A subset (~100 of 313 SE diffs) involves “diff-chr ties”: the read maps to several copies in a multi-copy region (e.g. rDNA), and the two tools pick different copies. Same alignment quality, different one chosen.

This is what the “tie-adjusted” numbers above account for.

2. CIGAR placement in homopolymer runs (1 read in 10,000)

ERR12389696.13573895: both tools align to XV:218357 MAPQ=255 AS=133, but rustar-aligner emits 100M1I45M4S (insertion at read position 100) while STAR emits 108M1I37M4S (insertion at 108). The 71-base seed is found at RC pos 29 (rustar-aligner) vs RC pos 37 (STAR) due to a different Lmapped chain path through a long homopolymer. Same diagonal, same score, different starting position → different insertion placement.

This is a seed-level tie. Real impact for downstream tools: effectively zero. To match STAR exactly we’d need to replicate STAR’s exact Lmapped chain, which is a high-effort, low-value fix.
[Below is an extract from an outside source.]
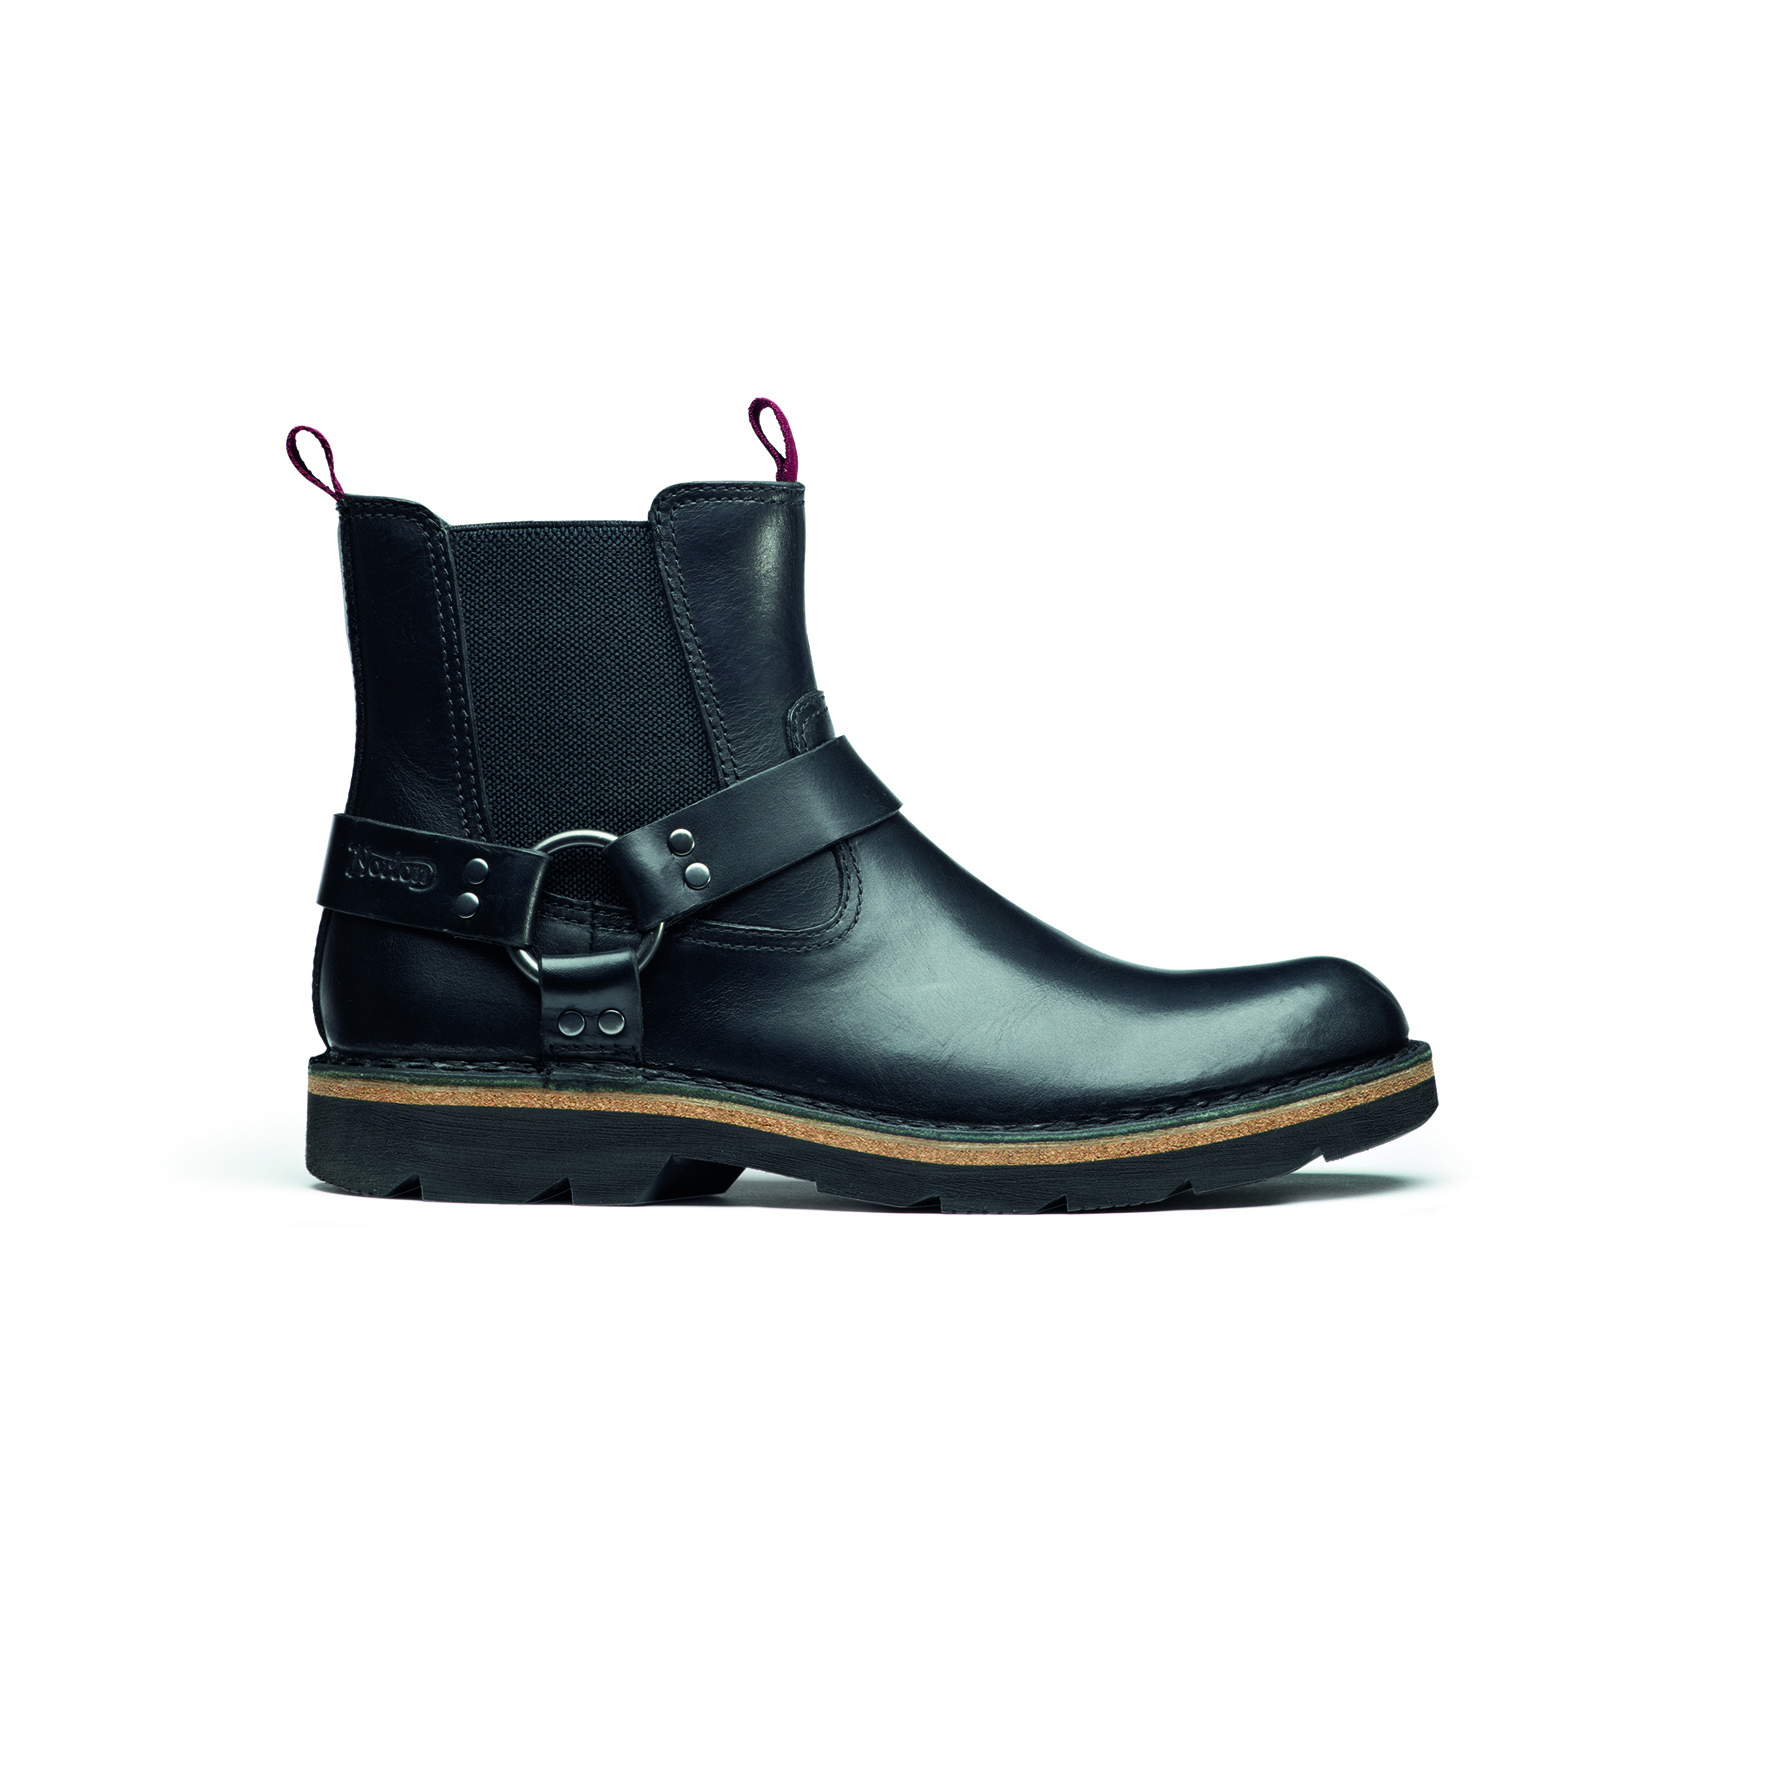 Winter 2014 Black Leather Shoes Zapatos Clarks Invierno Men

3. PE-specific cases where rustar-aligner finds a better alignment

Four PE alignments have a higher AS in rustar-aligner than STAR. These are not bugs — they’re improvements:

ERR12389696.844151: rustar-aligner finds VIII:451791 with 0 mismatches; STAR finds VII:1001391 with 6 mismatches.
ERR12389696.4972950: rustar-aligner correctly emits a spliced mate 2; STAR’s combined-window approach fails to stitch the spliced mate at the better location and emits unspliced.

In both, STAR’s combined-window seeding fails to reach the higher-scoring alignment. We’ve decided not to artificially regress these.

Faithfulness over time

The faithfulness numbers have been moving upwards as more STAR algorithm details have been replicated:

Phase	PE tie-adjusted faithfulness
Pre-Phase F1	99.755%
Phase F1 (`--runRNGseed`)	99.755%* (RNG change reset baseline)
Phase G1 (junction-shift fix)	99.865%
Phase G2 (recursion budget + overflow fix)	99.883%

* Phase F1 changed PE tie-breaking from SA-order to seeded StdRng, which shuffled which reads count as “tie-broken” without changing the underlying alignment quality.
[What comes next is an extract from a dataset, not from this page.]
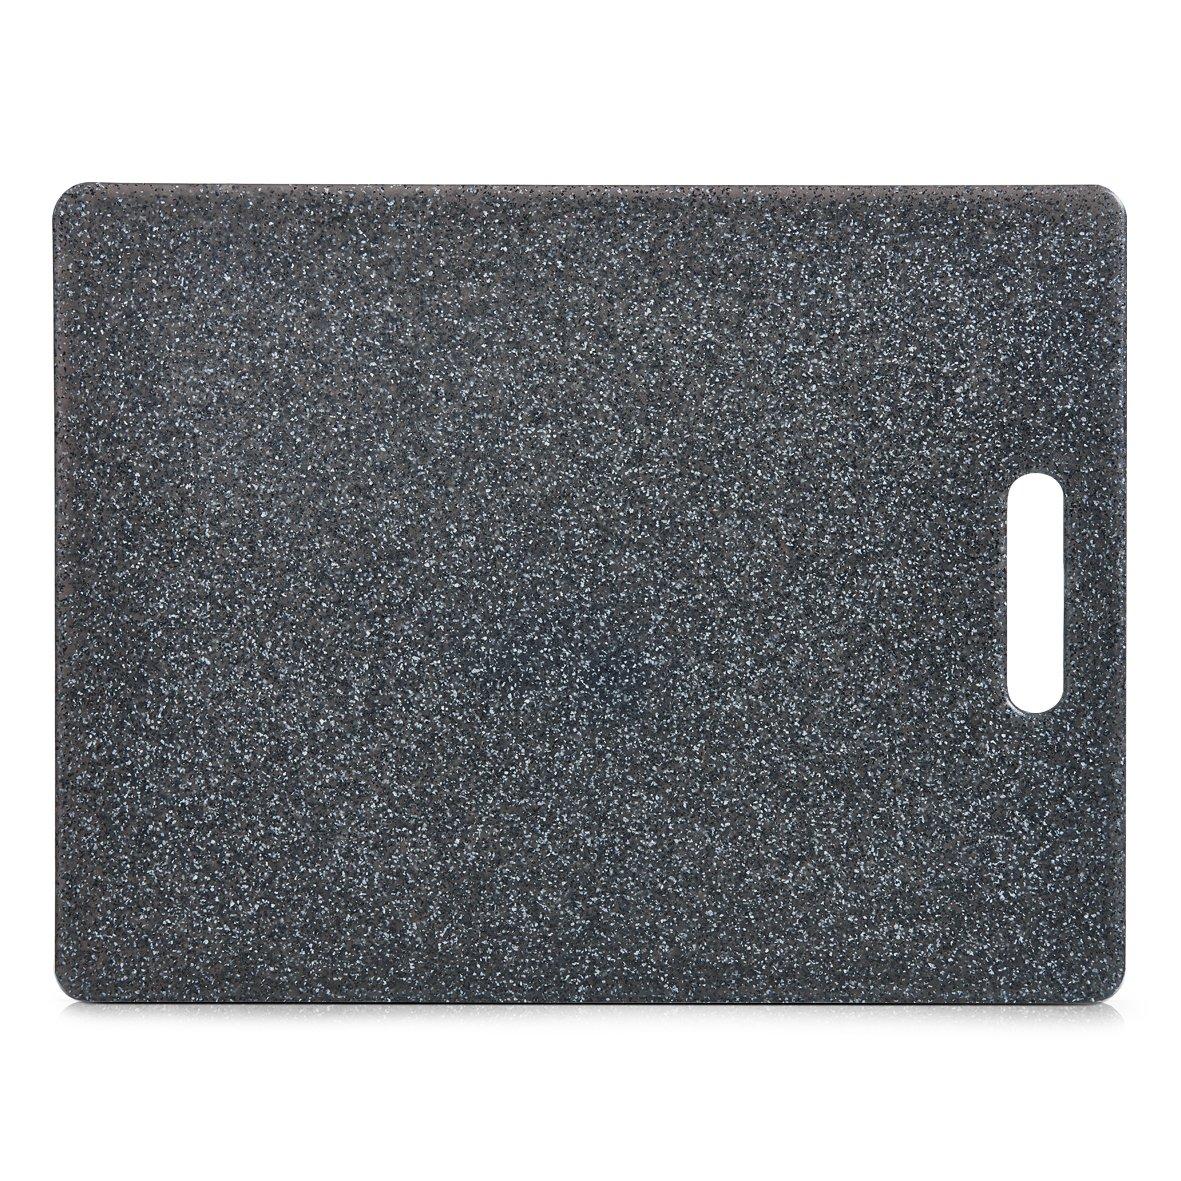 Zeller 26057 Tabla para Cortar, Gris, 36.5x27.5x3 cm

Other compatibility checks

Genome index files (Genome, SA, SAindex, chrName.txt, chrStart.txt, chrNameLength.txt, sjdbList.fromGTF.out.tab, transcriptInfo.tab, exonInfo.tab): identical or equivalent.
SJ.out.tab: matching format and contents for the yeast benchmark.
Log.final.out: format matches STAR; MultiQC parses it without modification.
Chimeric.out.junction: 14-column STAR-compatible format. Tools like Arriba and STAR-Fusion read it directly.
ReadsPerGene.out.tab: 4-column STAR-compatible format.

What this means in practice

For the overwhelming majority of bioinformatics workflows — read counting, differential expression, splice junction analysis, fusion calling, MultiQC reports — rustar-aligner’s output is interchangeable with STAR’s. The exceptions are:

Workflows that depend on the specific copy a multi-mapper landed on (rare; in those cases, you should be using the full alignment set anyway, not just the primary).
Reproducing exact byte-equality of SAM output across STAR and rustar-aligner runs (not achievable today; the RNG difference is the dominant source).

If you find a divergence not described here, please open an issue — the project goal is to keep this list as short as possible.